SRA

Copy number variations (CNVs) at 7q11.23 cause Williams-Beuren (WBS) and 7q microduplication syndromes (7Dup). Both neurodevelopmental disorders (NDDs) feature mild to moderate intellectual disability, accompanied by symmetrically opposite neurocognitive and behavioral features. Although significant progress has been made in understanding the molecular mechanisms underlying 7q11.23-related pathophysiologies, the interplay between different layers of gene expression and the propagation of opposite symmetry arising from CNV remains elusive. Here, we uncovered 7q11.23 dosage-dependent symmetrically opposite dynamics in neuronal differentiation and intrinsic excitability. By integrating transcriptomics, translatomics and proteomics of patient-derived and isogenic induced neurons, we found that genes related to neuronal transmission follow 7q11.23 dosage and are transcriptionally controlled, while translational factors and ribosomal genes are post-transcriptionally buffered.
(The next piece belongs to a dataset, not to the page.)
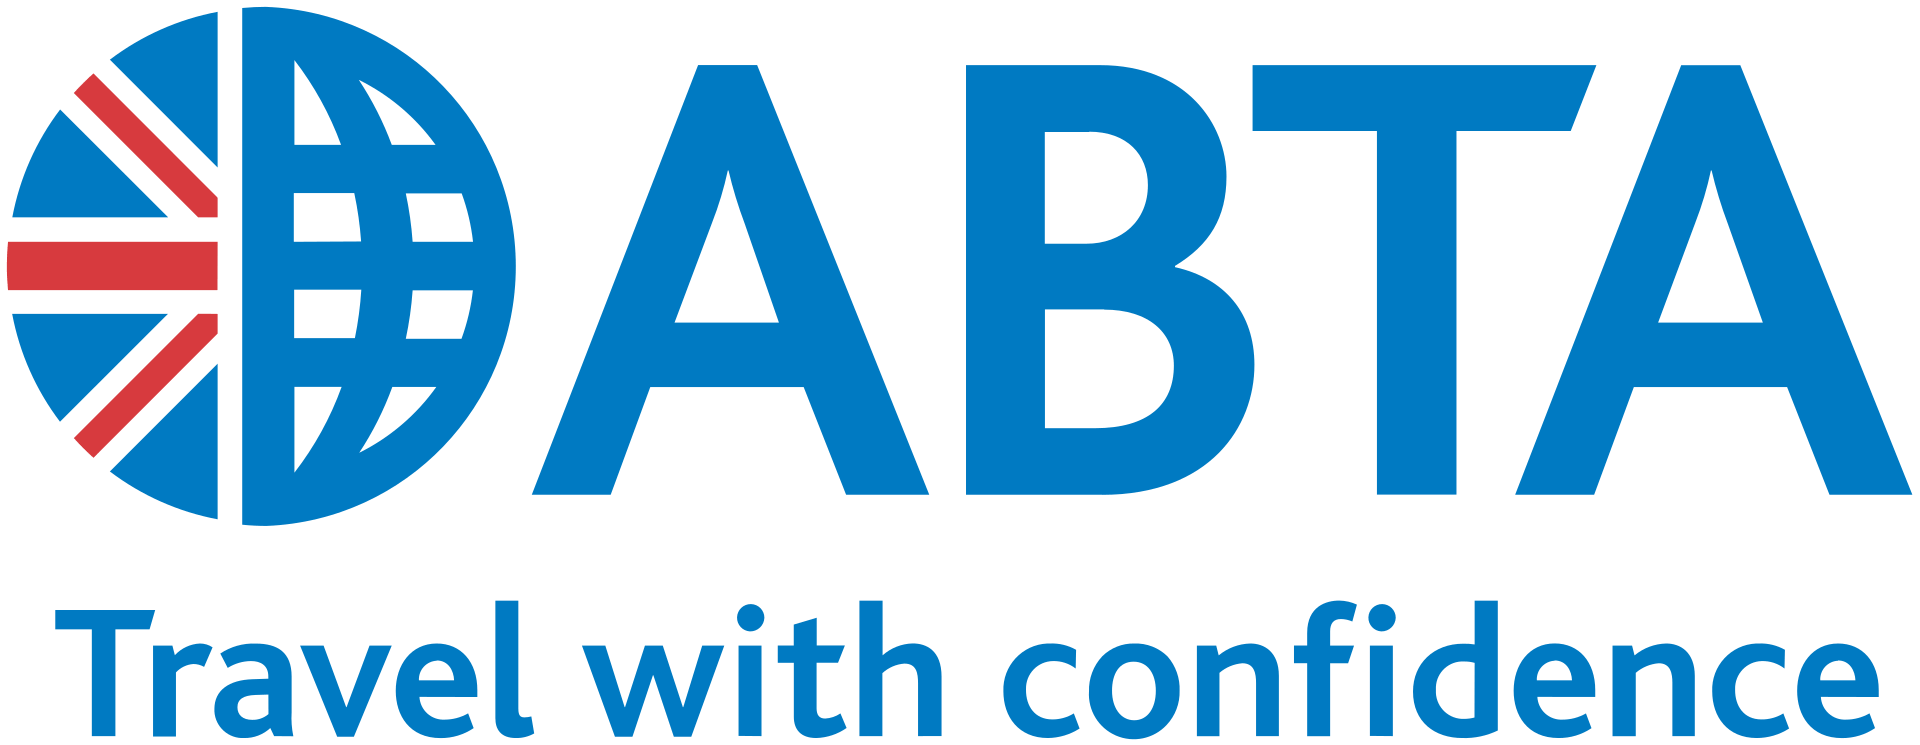 ABTA Travel with confidence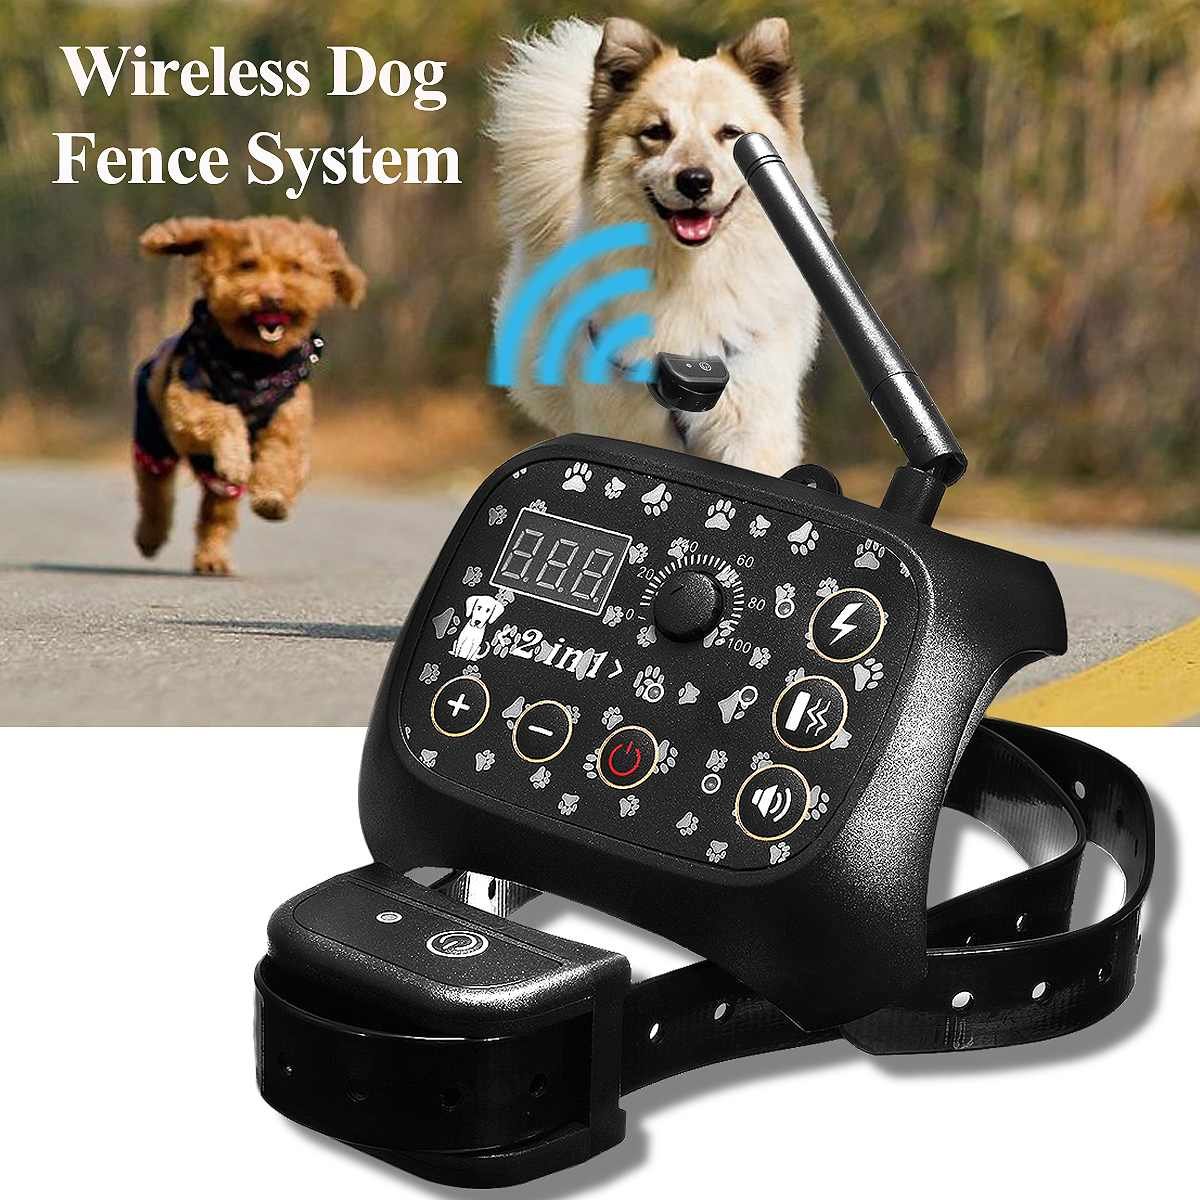 this Wireless Dog Fence System has an overly complicated looking control system. Also, all dogs are wireless, unless they are an Aibo.

Consistently, we found a deregulated mTOR pathway, with phospho-S6 (pS6) being downregulated in WBS and upregulated in 7Dup. Surprisingly phospho-4E-BP (p4E-BP) was going in the opposite direction, reflecting the total 4E-BP levels, thus highlighting the different roles of pS6 and p4E-BP during neurogenesis. Therefore, our work emphasizes the importance of multilayer research when investigating complex NDDs, highlighting ribosomal biogenesis and paving the way for novel treatments by uncoupling the role of pS6 and p4E-BPs in NDDs. Overall design: We differentiated isogenic and patient-derived lines to induced Neurons (iNeurons) using Ngn2 overexpression, and profiled their transcriptome. In addition, we tested the effect of REST inhibition in WBS isogenic lines.